Simple django-based web service for summarization using Sumy library. Automatically detects language for provided document url and returns plain text with summarized content. Supported language set is manually restricted to [English, Russian].
Installation:
apt-get install python python-dev python-setuptools apt-get install libxml2-dev libxslt1-dev zlib1g-dev
easy_install pip
pip install sumy pip install langid pip install Django==1.9.7
python -c "import nltk; nltk.download('punkt')"
python -c "import nltk; nltk.download('stopwords')"
Stopwords for some other languages for Sumy can be found in PyTeaser). Just put them to sumy/data/stopwords directory.
You might also need additional .pickle punctuation files for ntlk, they can be found in (https://github.com/mhq/train_punkt) repository.
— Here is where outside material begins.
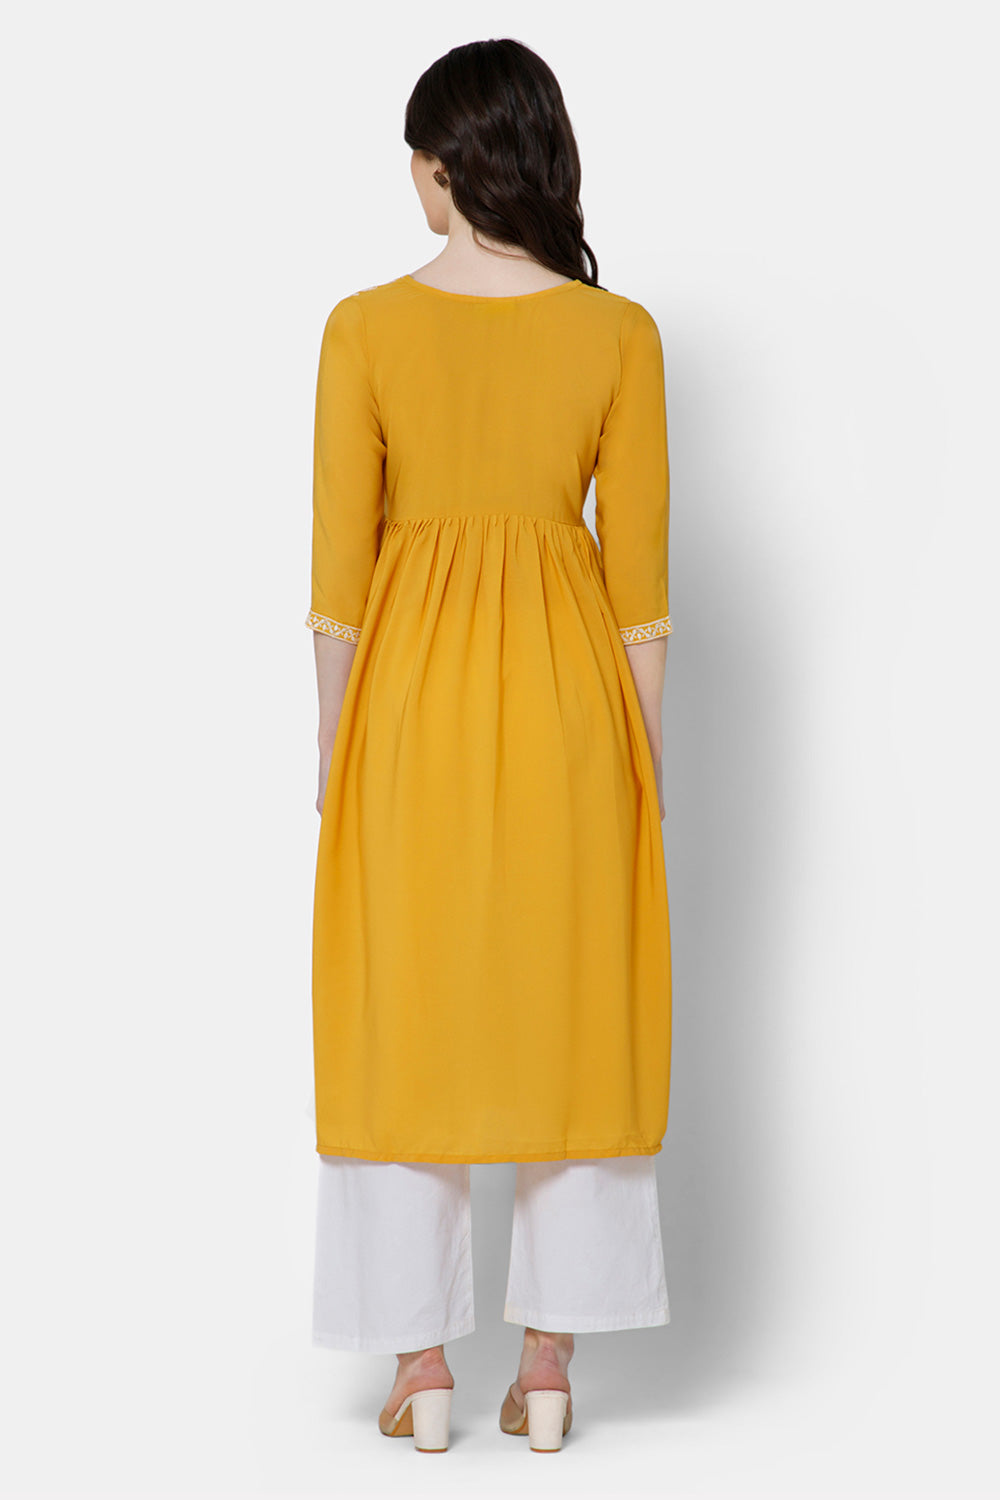 Mythri Women's Ethnic wear Kurthi with Elaborately Embroidered Front Yoke Design - Yellow - E071

Put them to ntlk_data/tokenizers/punkt directory.
Example usage:
http:///sumapi/sum/?method=lsa&length=10%25&url=https%3A%2F%2Fen.wikipedia.org%2Fwiki%2FAutomatic_summarization
GET parameters:
- method can be one of the following: luhn, edmundson, lsa, text-rank, lex-rank, sum-basic, kl
- length defines number of sentences or percentage of the original text
- url of html document to summarize
Returned result: plain/text with sentences, Content-Language header contains autodetected language.